Leaving John’s, I headed through Croxteth Park (a pleasant place of trees and avenues, one of the city’s lungs, and site of a desperate human tragedy) and rejoined the Loop. This was now cut into the ground, lined with trees and of course the trash and graffiti.

(I was enchanted at one point by the way WALKERS RULE had, by accident or design, become WALKERS ROLE – a big question for those of us on two legs.)

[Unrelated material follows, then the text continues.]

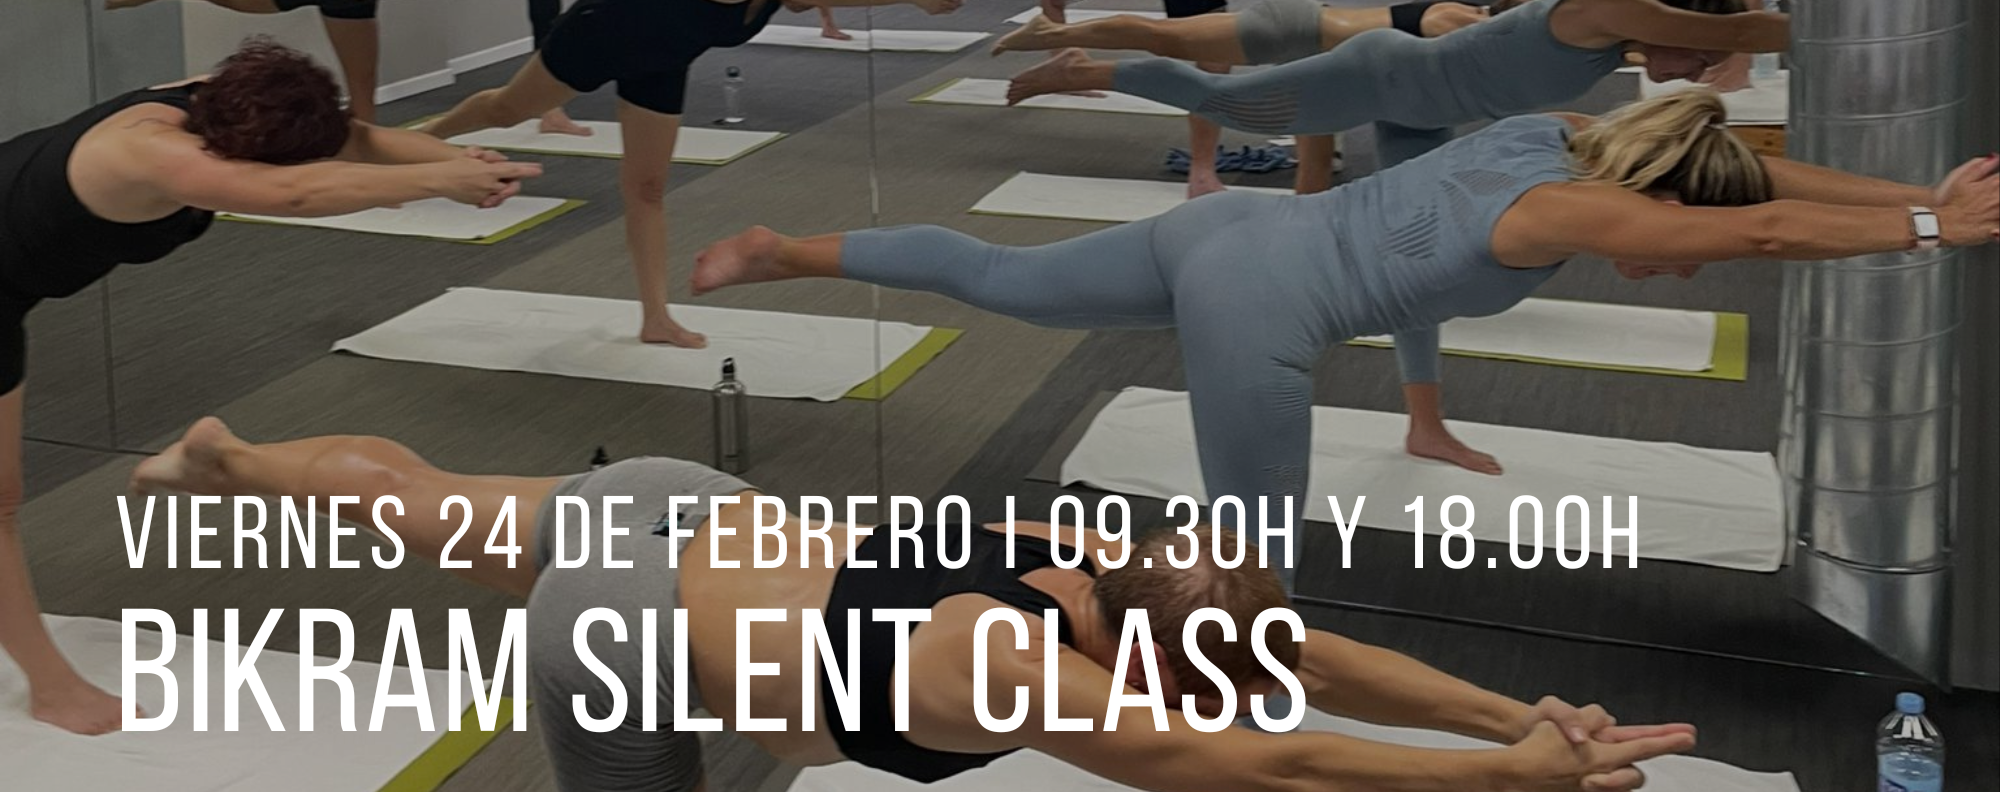 silent class febrero

After a few miles I began to feel quite depressed. My rubbish filter had worn off and the litter just seemed annoying, and a lost opportunity for the city to look good. Apart from a guy drinking from a torpedo of White Lightning, I had seen few people not on wheels of some kind (bikes and, in contravention of various overlapping codes, a go-kart.) Strange cries came from an estate. Abruptly, I changed my plans. Rather than head down to Widnes and Runcorn, I would go into the city, and (eventually) cross the Mersey by ferry and walk down the Wirral. The one negative (a short distance not actually walking, so a slight cheat) was outweighed by many positives (interesting walking in the Wirral, a visit to New Brighton to compare with the original, a nice pub (the Abbey) minutes away from the path, getting off of the Loop.) So I plunged off on to the Trans Pennine Way’s ‘Liverpool Spur’.
I had a refreshing pint in the Abbey. (Just the one – a colleague believes I am visiting ever pub on the trip – not so! These days I have the physical drinking capacity of a nine-year-old anorexic gymnast, coupled with the thirst and enthusiasm of a 20-stone veteran CAMRA member, so I have to ration myself. But I felt I was due a drink at this juncture.)
The six miles into Liverpool traversed two more parks (Sefton and Princes), many streets, including Penny Lane where I met American students, and arrived, through Toxteth, at the vast Anglican Cathedral. Bells were ringing, perhaps in honour of the Archbishop who was speaking there that day. Light was fading, there were smells of Chinese and chips, garages were closing and off-licenses opening. I was tired, just plodding on, receiving fragmented impressions… beginnning to see the Mersey and the Wirral skyline; too much detail; flats on fire with the last of the light -

I used up my beer ration in Ye Cracke, a pub that manages to be both tiny and rambling (where ‘I Walk The Line’ was on the juke box, a guy drinking from a bottle of Pils was arguing with his sad-looking kid, 10 emo/goth kids sat with one drink and a man came in with hooky DVDs) and The Fly in the Loaf, a former bakery, now exotic beer emporium owned by a Manx brewery. Weary and bleary I sat in the window, watching cars, buses and people, pondering the contrast with the quiet stretches of the early morning’s walk. Thinking: I don’t know Liverpool much better, but I have breathed in more of its spirit.